上場企業のコーポレートガバナンスの業務とは?

 2016.03.16 

  クラウドで予算業務・管理会計改革!

指名委員会等設置会社(旧委員会等設置会社)と監査等委員会設置会社とは?

2015年は、コーポレートガバナンスの優等生といわれてきた企業での大規模な不正会計が露呈し、日本の証券金融市場の社会的信頼性を毀損する一年となったように思います。

わが国においても、10年以上も前からパブリックカンパニー(公開企業)の社会的信頼性を高めるための法的インフラとして、企業運営に新たな枠組みが整備されるとともに、大手企業において徐々に導入・運用され、現在に至っています。

現在、会社法において定められる企業運営の枠組みには、従来から多くの企業で採用されてきた「監査役会設置会社」に加え、「指名委員会等設置会社(旧委員会等設置会社)」、そして、「監査等委員会設置会社」が整備されています。

「指名委員会等設置会社」は、2003年4月の商法改正による委員会等設置会社に端を発した組織形態で、取締役が指名委員会・監査委員会・報酬委員会という3つの委員会活動を通じて、執行役を選任するとともに、その業務執行の「監督(モニタリング)」を行なう形態です。

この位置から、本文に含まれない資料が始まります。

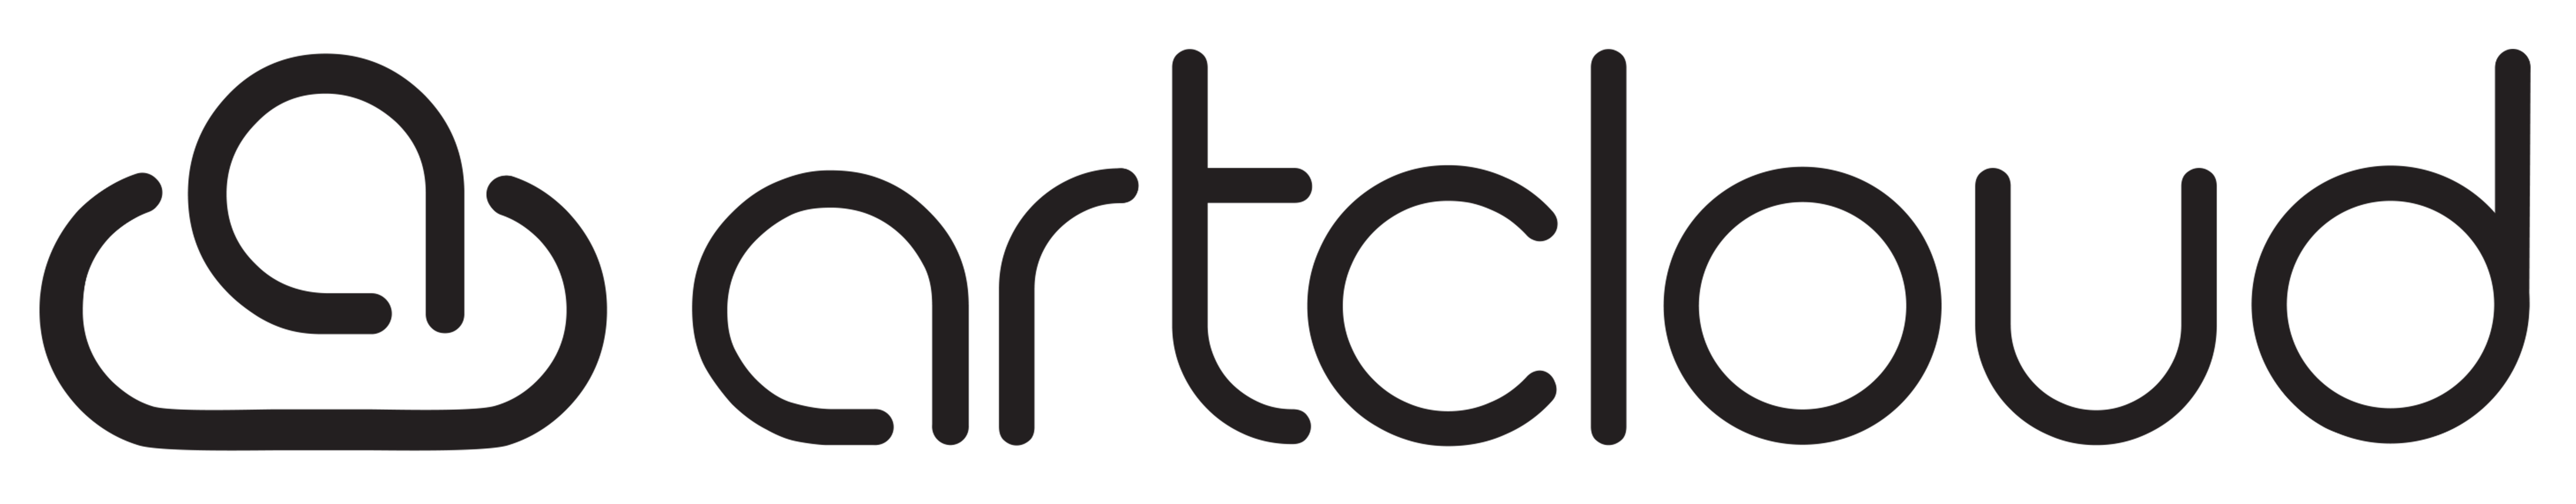 ArtCloud Logo Full

かたや、「監査等委員会設置会社」は、取締役3名以上(過半数は社外取締役)からなる監査等委員会が、取締役の業務執行を監査する組織形態で、従前、業務執行に偏りがちな取締役会の構成メンバーにモニタリング機能を有する人員を配置するという意味で、監査役会設置会社と指名委員会等設置会社の中間的組織運営と位置づけられます。監査等委員会設置会社では、監査等委員会に加え、会計監査人の設置も義務づけ、外部目線のチェック体制を充実させる一方で、業務執行の取締役に、一部の法定の事項を除く重要な業務執行の意思決定を委任できることとし、スピーディな業務執行をバックアップする、モニタリング型の組織運営が志向されています。

コーポレートガバナンスを堅持する組織について

(業務執行)マネジメント と (監督)モニタリング それぞれを、同一のものが担当すると、自己チェックに陥ることから、相互牽制が期待できません。そのため、マネジメントとモニタリングはそれぞれ別のものにより執行されるほうが、組織運営上、健全です。

従前の「監査役会設置会社」は、マネジメントは取締役会が、モニタリングは監査役会がという形態で、ある意味きれいに機能区分が果たされているのですが、取締役はもっぱら所管部門のマネジメントを行なうため、自己の業務への横やり、を懸念し、他の取締役の意思決定に遠慮が生まれてしまいがちですし、組織運営の根幹となる業務執行の責任者の選任権を有しておらず、監査役会としてのモニタリング機能にもおのずと限界があります。

対して、「指名委員会等設置会社」による組織運営であれば、取締役の役割はモニタリングと、その結果を踏まえた執行役の選定へと大きく変貌しますので、取締役に期待される役割も意識も大きく変わることが期待されています。

監査役会設置会社に比して、執行役の選任・解任の役割が、社外取締役を構成メンバーとする取締役会、あるいは指名委員会により決定される、すなわちこれからの企業運営のリーダーを決定するという極めて重要な役割が社外メンバーに託されたということになります。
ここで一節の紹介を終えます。